The Michigan Neuropathy Screening Instrument (MNSI) is a simple and non-invasive test that allows one to conduct a neurological examination. This score aims to highlight the specific signs of diabetic peripheral neuropathy. The Toronto Clinical Neuropathy Score and the modified Toronto Clinical Neuropathy Score (mTCNS) are simple and non-invasive and have been utilized in some trials. These are still indicated and validated for screening diabetic neuropathy and other clinical indications of neuropathic pain.
Quantitative Sensory Testing and Neurological Tools
Quantitative sensory testing (QST) is a beneficial tool in clinical practice, complementary to physical examination and scores, and it is capable of determining signs of altered sensitivity in individuals with suspected neuropathy. In particular, QST can be performed to evaluate the functional impairment of sensory nerve fibers. QST is a non-invasive method that can be utilized to evaluate the characteristics of neuropathic pain and to evaluate both loss and gain of sensory function.

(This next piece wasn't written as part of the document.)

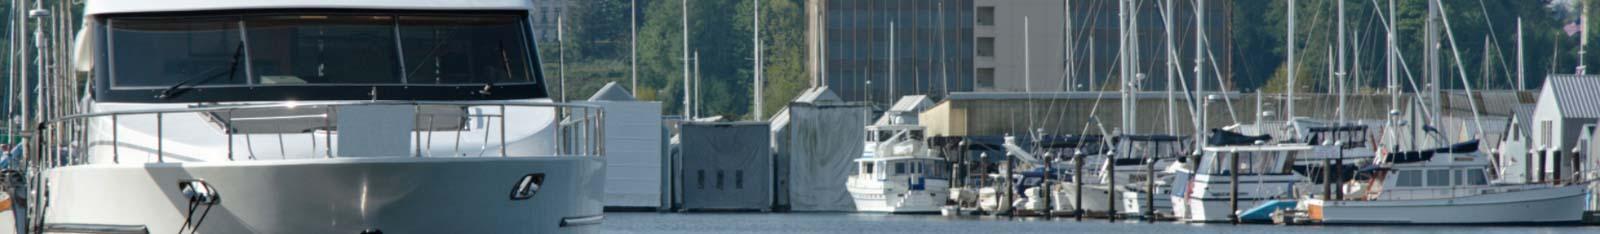 Olympia Waterfront Market Statistics
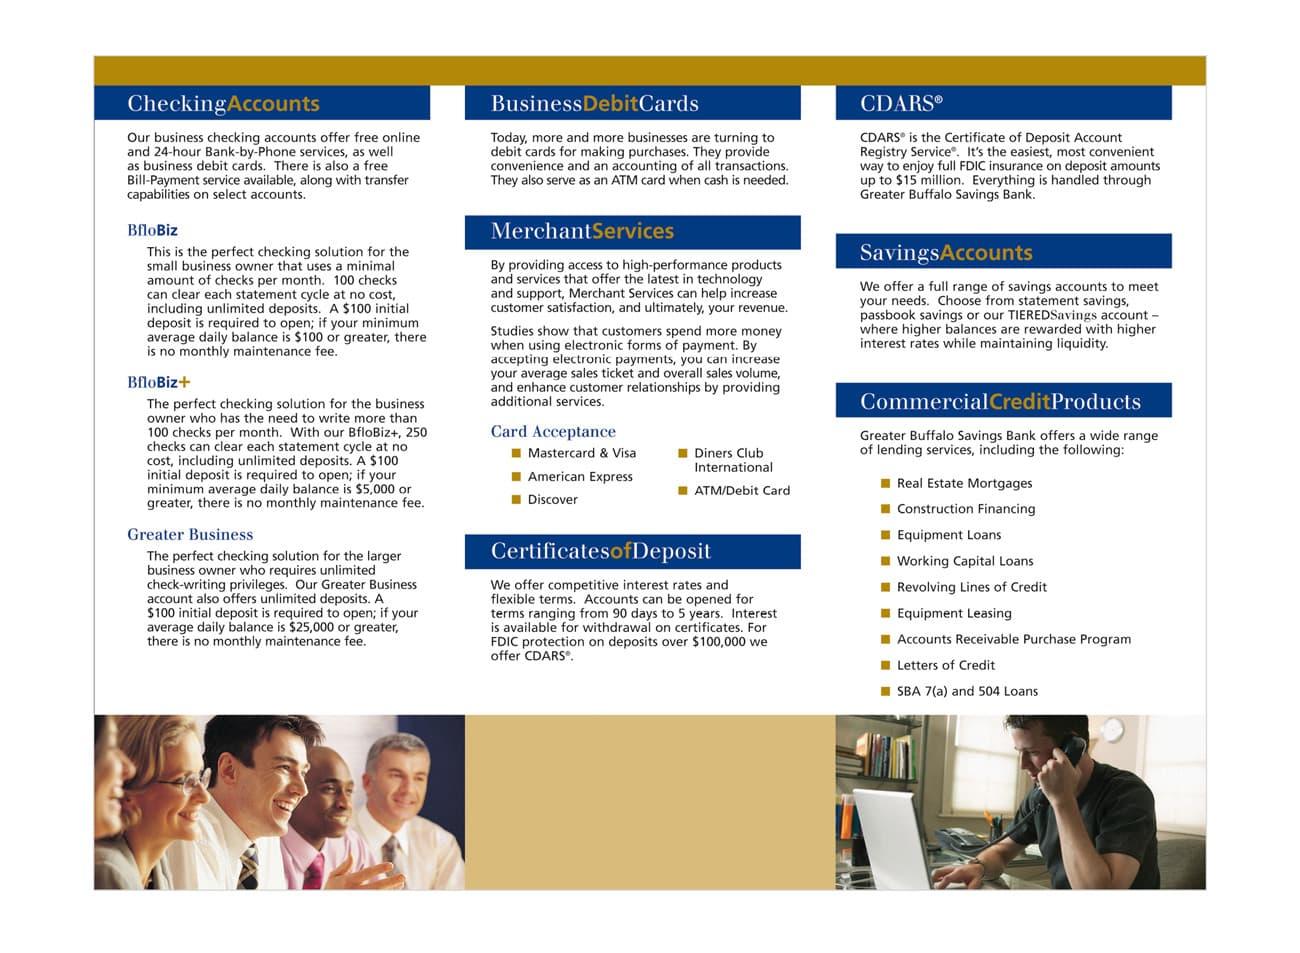 Greater buffalo savings bank our work middleweight marketing greater buffalo savings bank work middleweight marketing buffalo ny xflitez Image collections

Nerve Conduction Studies (NCS)
Nerve conduction studies (NCS) are the gold standard exam for diagnosing diabetic peripheral neuropathy. NCS allows an evaluation of the large fibres, while with this tool it is not possible to specify the function of the small fibres.
Conclusion
Diabetic peripheral neuropathy is one of the main microvascular complications of diabetes mellitus. The pathophysiology underlying the development of this complication implicates different cells and tissues in a mix of pathways that together appear to its development. Despite substantial improvement in discovering these pathways, further studies appear essential to better explain the development of this complication, particularly regarding the role of endothelial dysfunction and the inflammatory cascade. Regarding the diagnosis of diabetic neuropathy, in most cases, thanks to clinical evaluation, scores, and the use of some non-invasive tools (e.g., QST), it appears possible to achieve a diagnosis of diabetic peripheral neuropathy, both for the involvement of large and small fibers.